The automakers — Ford Motor Co., General Motors and Stellantis — and union are on different sides of the negotiating table, but presenting similar fronts on confidentiality, Stevens said. That leaves little information on which to base a prediction.
The strike has focused on three factories, one from each manufacturer: Ford’s Michigan Assembly in Wayne, GM’s Wentzville Assembly in Missouri and the Stellantis Jeep complex in Toledo.
UAW President Shawn Fain said he’ll disclose on Friday whether negotiations have progressed enough to avoid adding more factories to the walkout. He said he will present the information in a Facebook Live video at 10 a.m. Friday.

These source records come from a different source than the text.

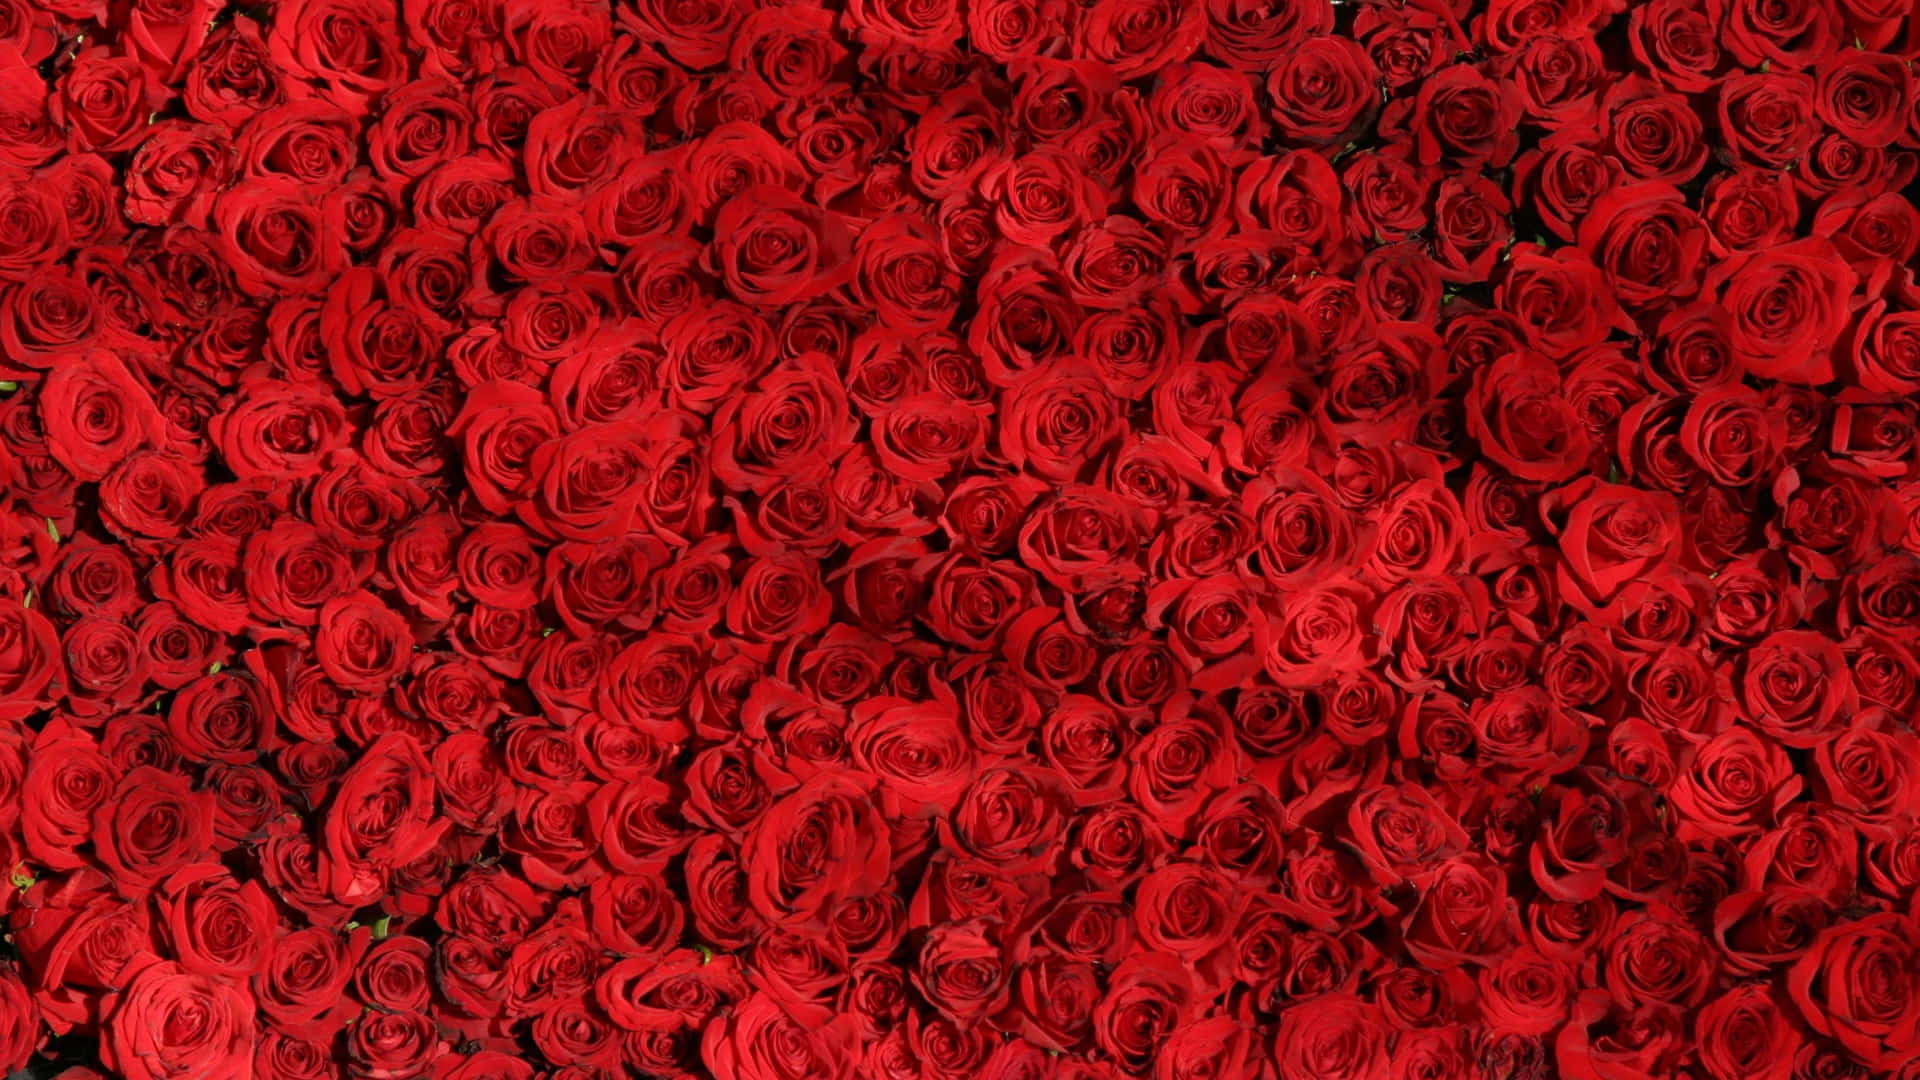 1440p Compressed Red Roses Background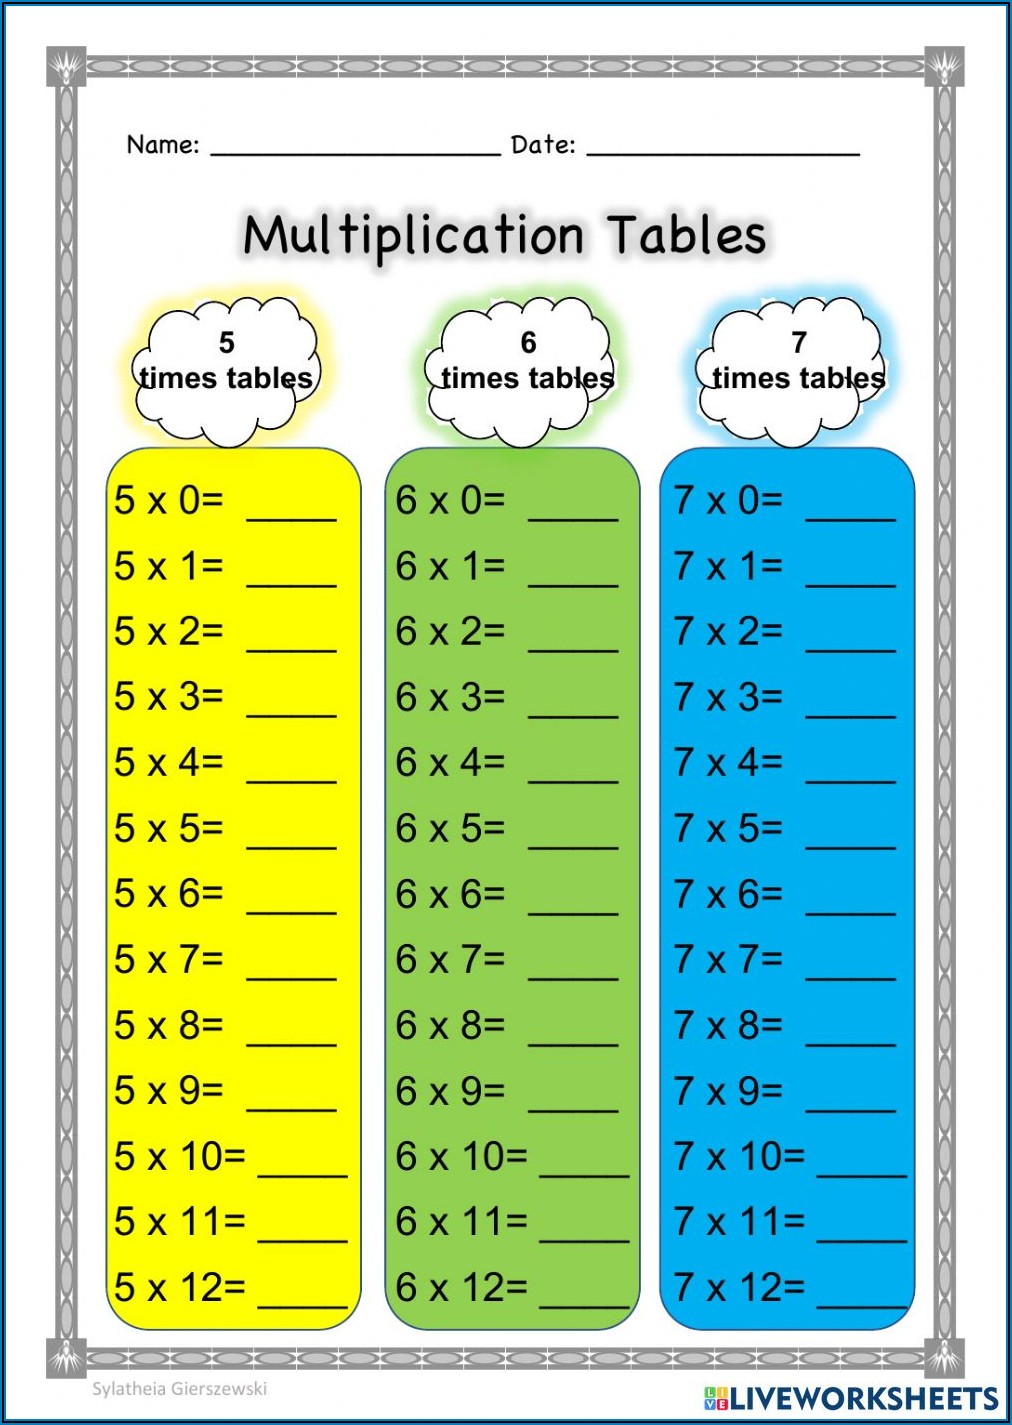 Worksheet For 7 Times Table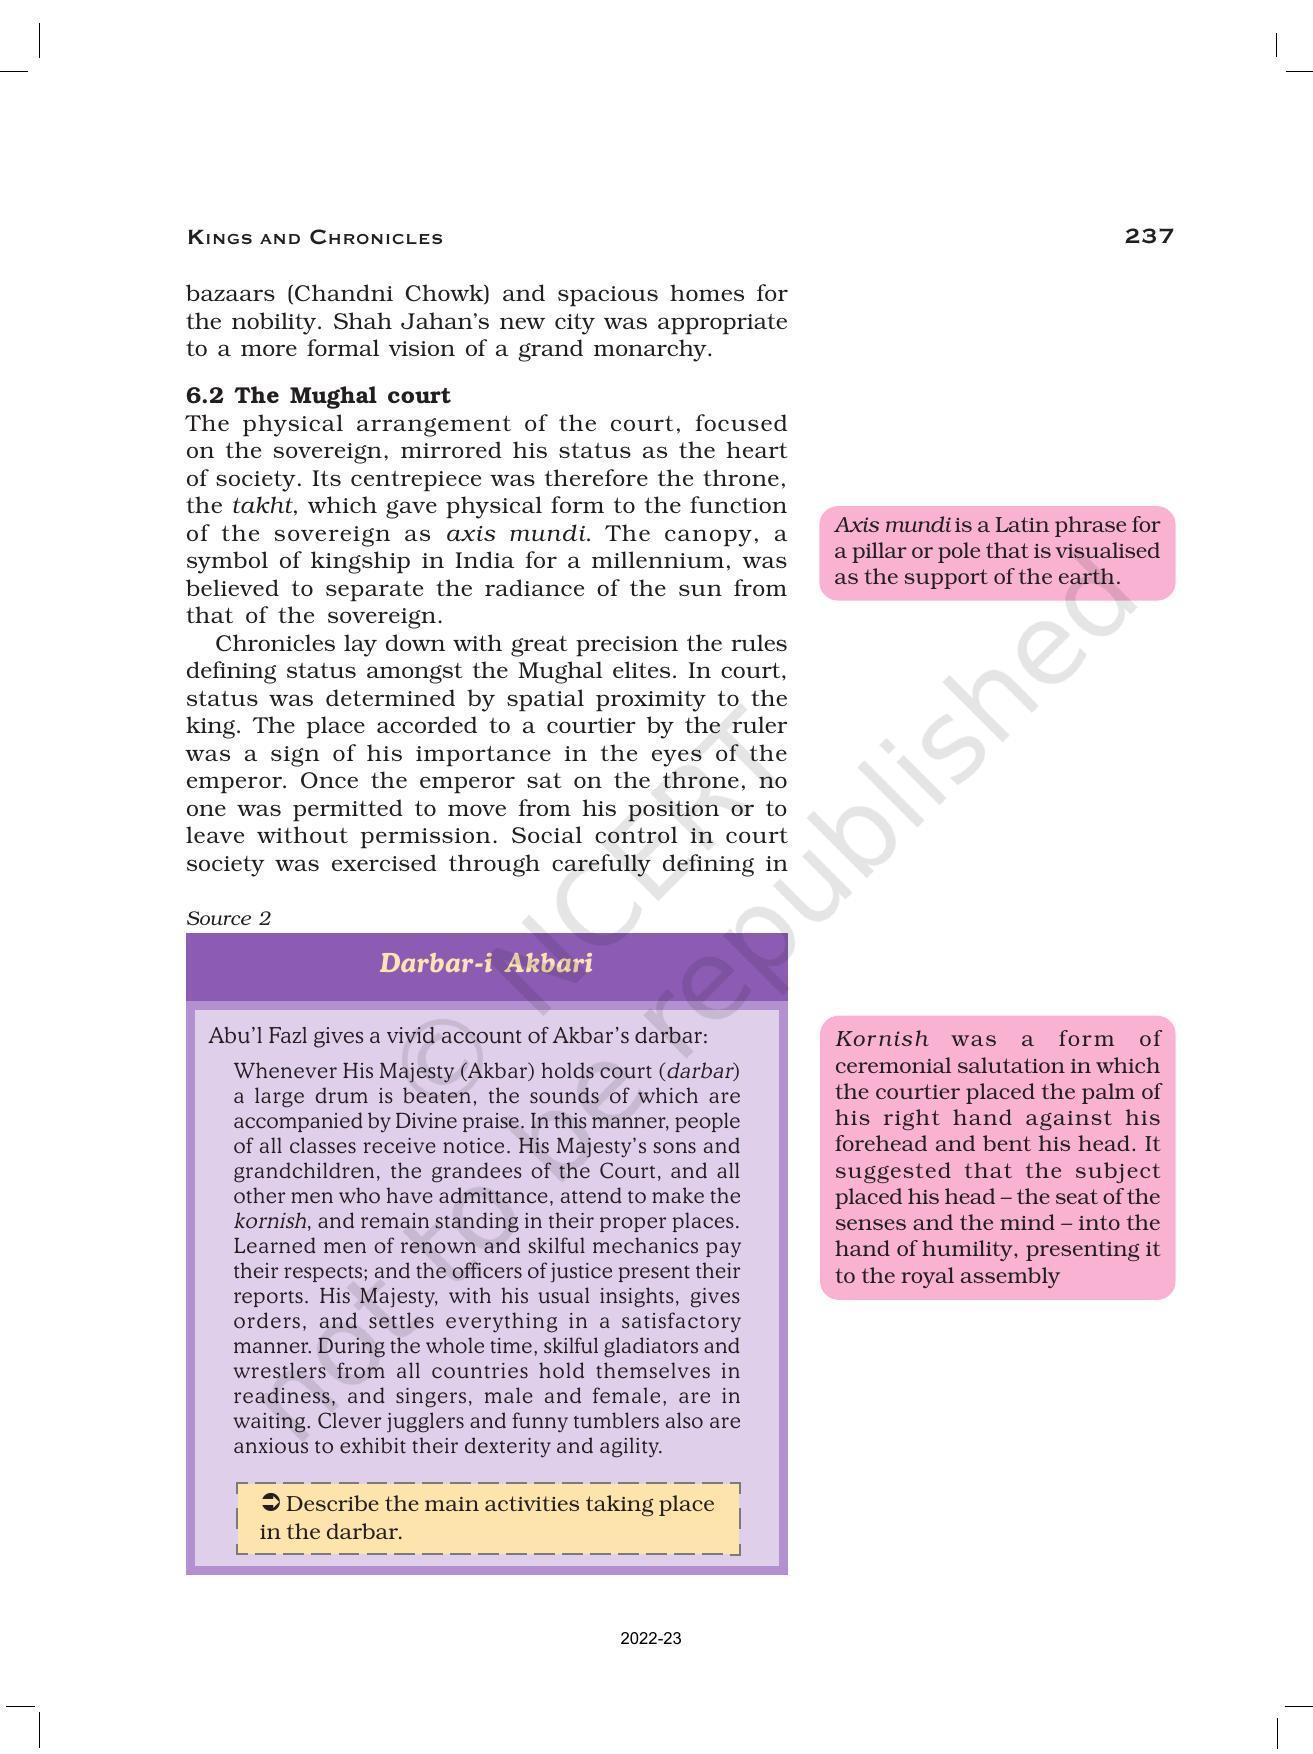 NCERT Book for Class 12 History (Part-II) Chapter 9 Kings and Chronicles - Page 14

In the meantime, Stevens said, workers and management at other plants and Michigan’s automotive suppliers “are all holding their breath right now.”
Here are four things to know about dynamics of the strike as it unfolds at the end of Week 1:
1. The automakers have laid off non-striking workers, drawing UAW ire
Automakers say the strike is curtailing their ability to build vehicles, so layoffs within factories that were not yet targeted by the UAW for a walkout are starting to increase.
Fain criticized the moves Thursday, calling them an attack.
“If the Big Three decide to lay people off who aren’t on strike, that’s them trying to put the squeeze on our members to settle for less,” Fain said.
“With their record profits, they don’t have to lay off a single employee. In fact, they could double every autoworker’s pay, not raise car prices, and still rake in billions of dollars.”
So far, layoffs have not reached deeply into Michigan except for about 600 workers at Ford’s Michigan Assembly who were laid off shortly after the strike began in a portion of that plant.
Stellantis announced Wednesday that 368 workers at two plants would be idled. Some are in the Toledo Machining Plant in Perrysburg, Ohio, near the Jeep complex. Additional layoffs are coming to the Kokomo, Indiana, transmission and casting plants.
About 2,000 workers in Fairfax, Kansas, learned Wednesday they are being laid off. GM had said the assembly factory could run out of parts this week, confirming to WDAF-TV in Kansas City on Wednesday that the UAW walkout at the Wentzville stamping plant near St. Louis created a “negative ripple effect.” The Fairfax factory uses metal parts from Wentzville to make the Chevrolet Malibu and Cadillac XT4.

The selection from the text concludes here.